Кто такой генерал Нгали Муагаб и о его крутом характере Гордеев был наслышан. То, что лично министр безопасности пожелал его лицезреть, ничего хорошего не сулило.
– Конечно, я француз! – гордо выдал Станислав. – И я горжусь, что принадлежу к этой великой нации! Антуан Пэре, к вашим услугам, мсье министр!
– Похоже, мсье Пэре, вас гражданство интересует больше, чем обвинение в убийстве, – усмехнулся Муагаб.
Гордеев едва не поморщился, поняв, что крупно прокололся.
Конечно, вместо того чтобы болтать о гордости за великую нацию, ему бы следовало возмутиться, если не упасть в обморок, услышав в свой адрес обвинение в убийстве премьер-министра чужой страны. Станислав столько раз в уме перебирал варианты, как откреститься от участия в покушении на Нганга Миери, что запамятовал о главном. Если он невиновен, то на сей момент и знать не должен ни о каком убийстве. Как по обстоятельствам незнания английского языка и местного наречия, так и в связи с тем, что при аресте ему не было предъявлено обвинений, в том числе и по вышеуказанной причине. Значит, и реагировать на сообщение о своей причастности к преступлению Стас должен был соответственно – бурно и возмущенно. Вот и расколол его профессионал на счет «раз», в соответствии с классикой отечественного кинематографа – «на первом же скачке». Да, лопухнулся Стасик по полной программе!

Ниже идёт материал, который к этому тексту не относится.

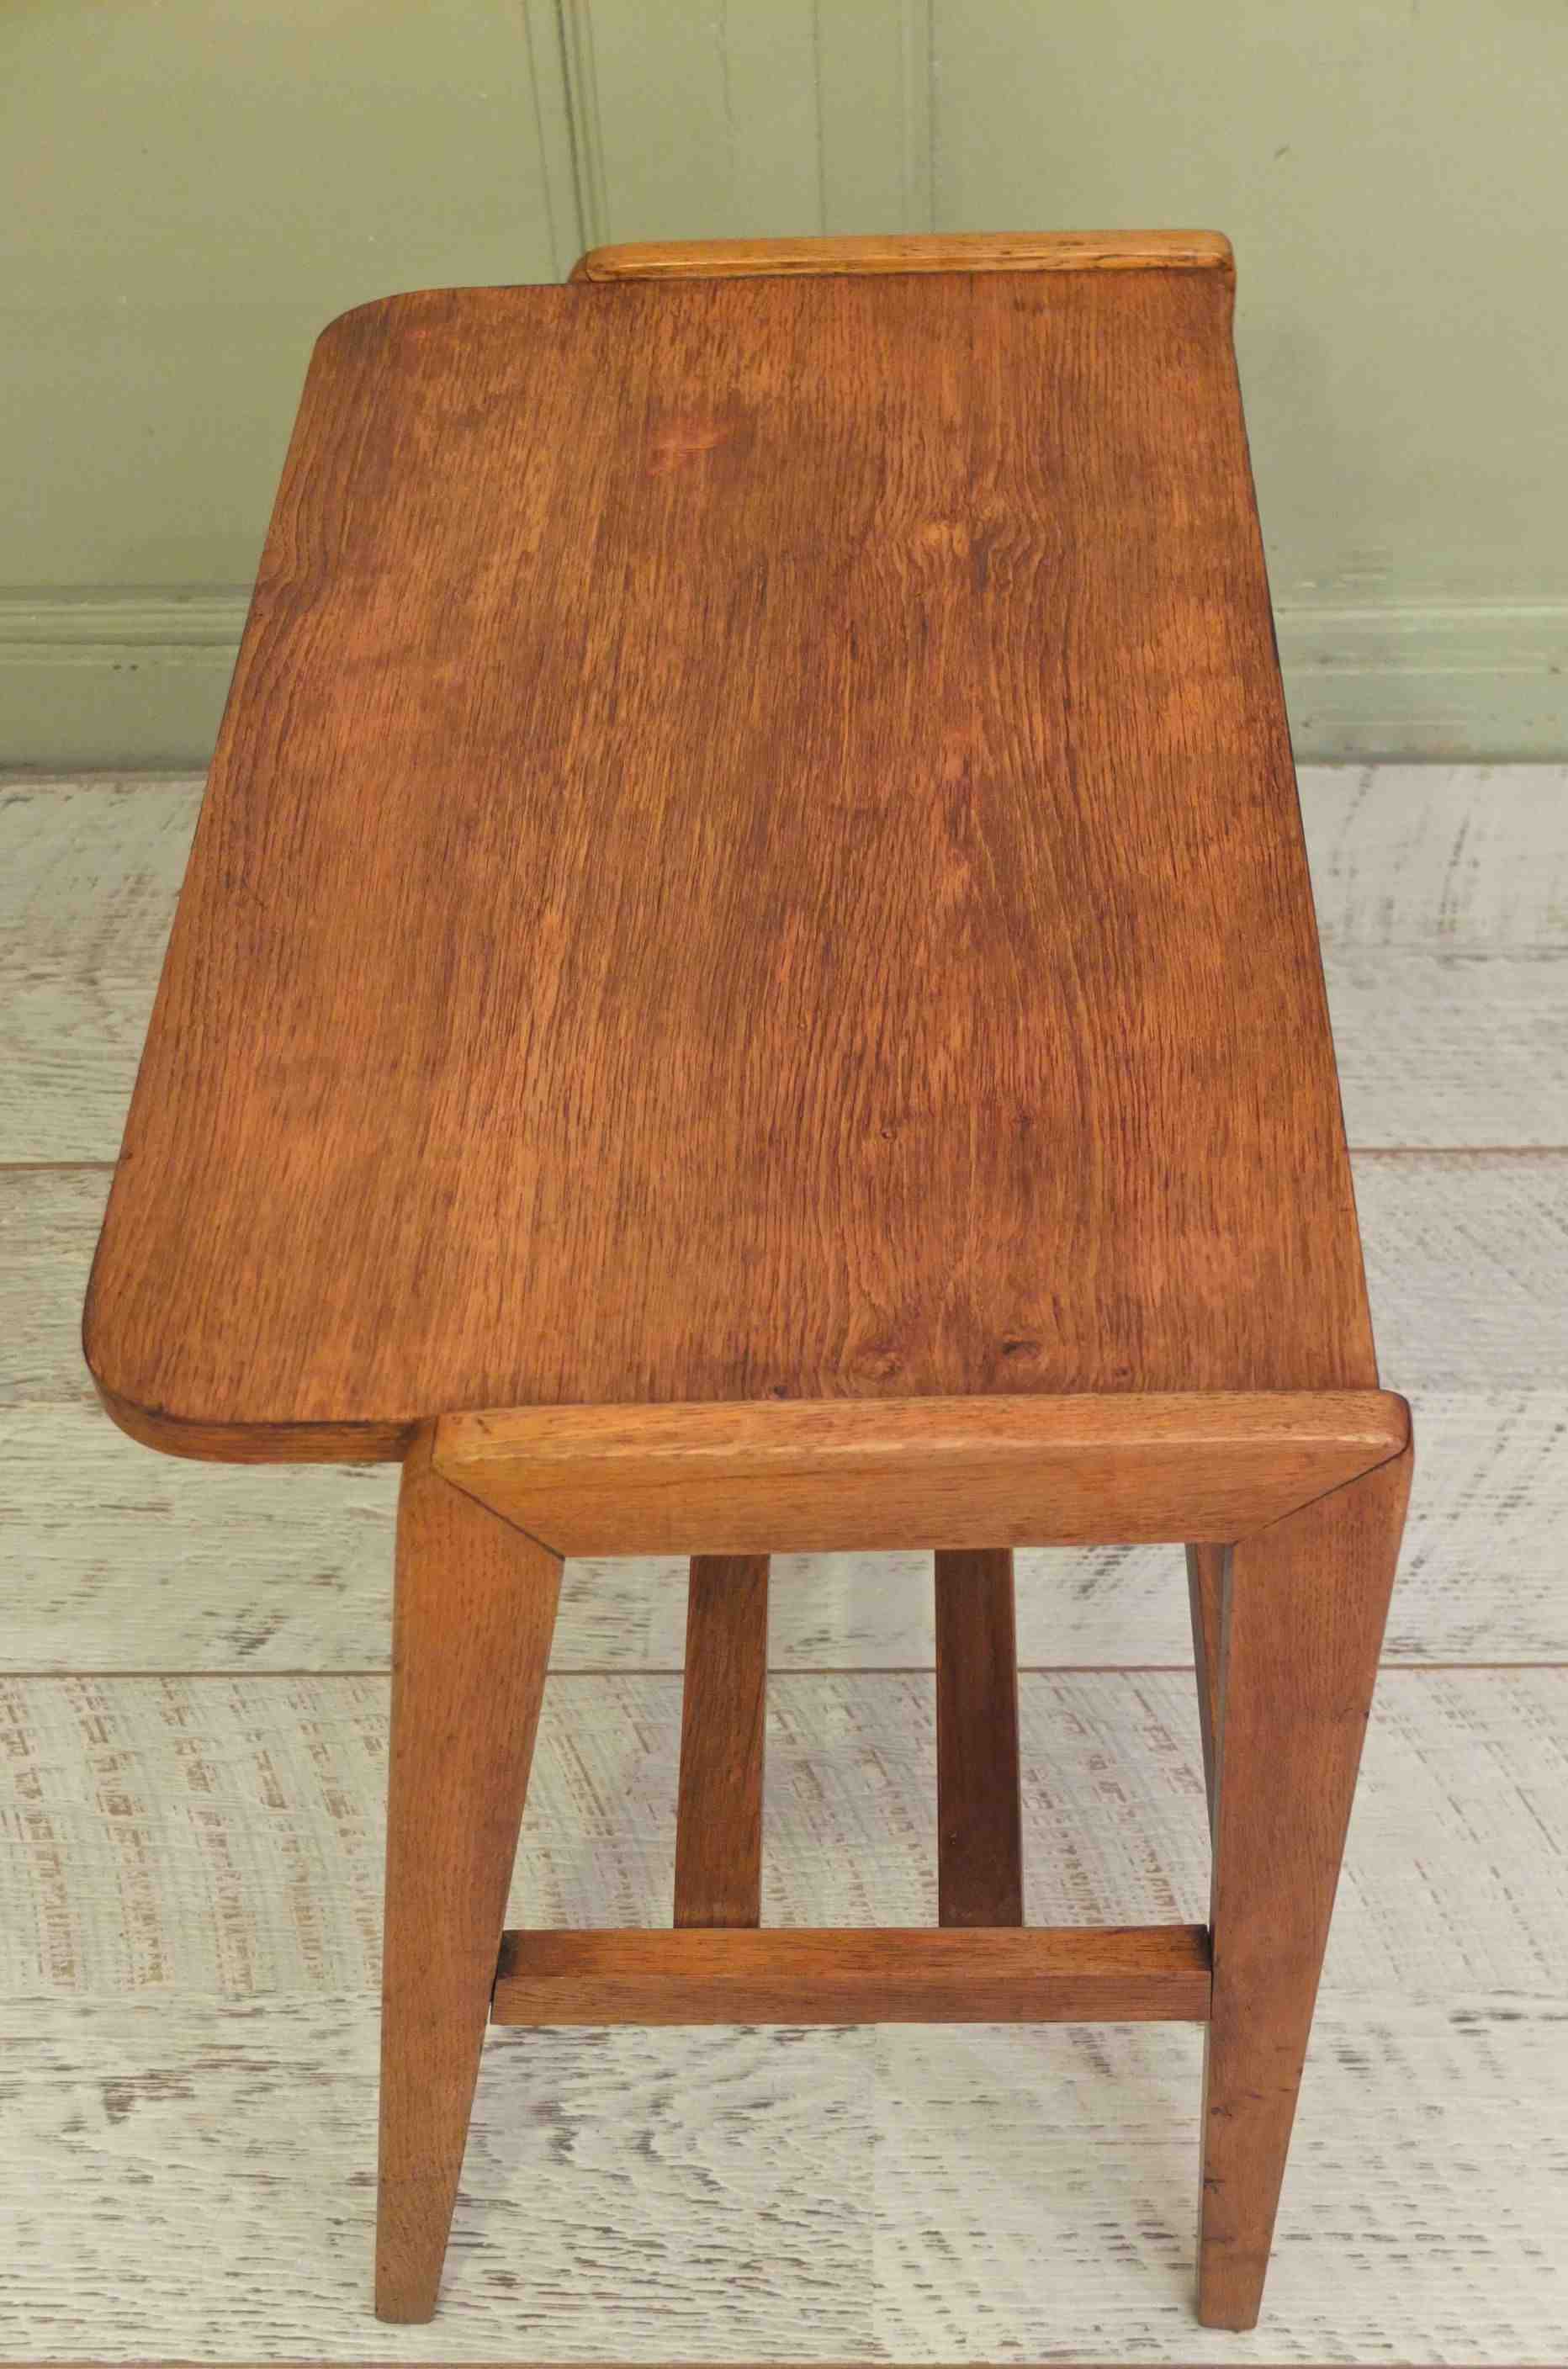 Slavia Vintage petite table en bois vintage pieds compas des années 60 modèle "Symetria" photo générale
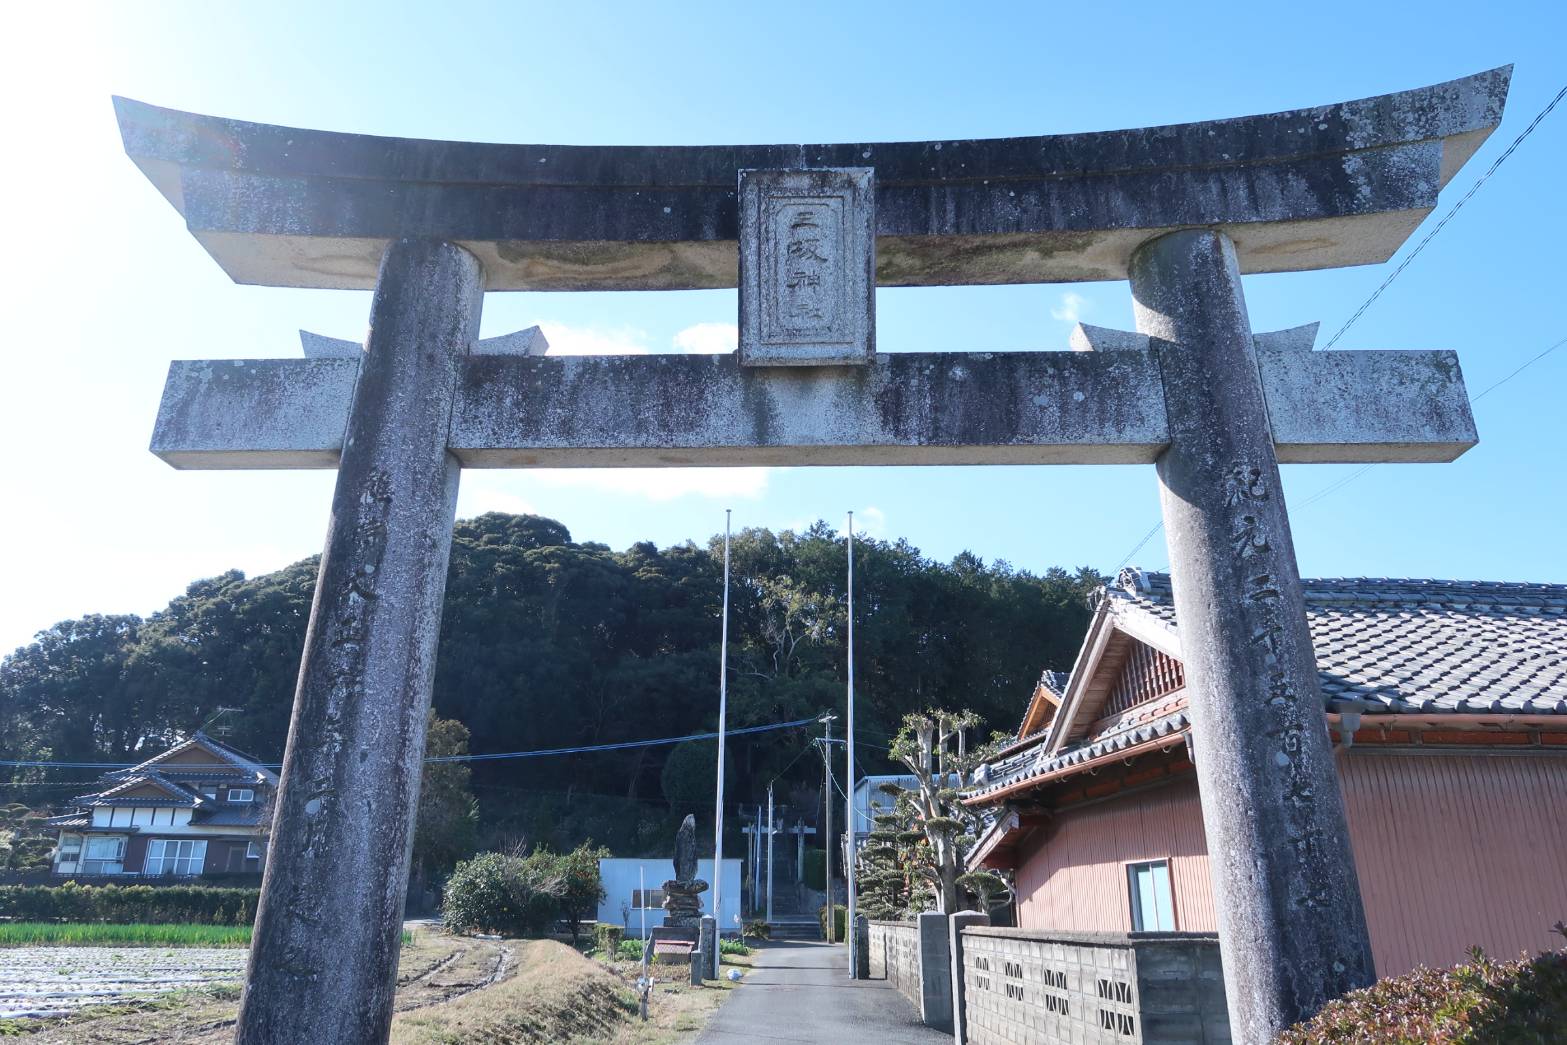 【糸島・三坂】街の喧騒を離れ、緑の中で静かな時間を楽しめる「三坂神社」

Надо было как-то выкручиваться, и Гордеев пошел в атаку. Не показав и виду, что смущен замечанием генерала Муагаба, Стас изобразил на лице презрительную, если не брезгливую мину, и выдал длинную программную речь, заявив, будто он после ничем не обоснованного ареста не сомневается, что является участником некоей провокации и сейчас готов к любому развитию событий. Его, невиновного, агнца божьего, ромашку несмятую, могут обвинять и в убийстве, и в бандитизме, и в организации государственного переворота, не говоря уже о педофилии и скотоложстве, но бог есть, и он накажет негодяев, пытающихся погубить невинную душу. И вообще, с этой секунды он отказывается отвечать на любые вопросы без присутствия французского консула и адвоката.
– Как пожелаете, мсье Пэре, – добродушно улыбнулся Муагаб. – Ваше молчание и отказ от сотрудничества с нами, а конкретнее – со мной лично, играет против вас. Только я могу смягчить вашу участь, а возможно, даже сохранить вам жизнь.
Ознакомительная версия.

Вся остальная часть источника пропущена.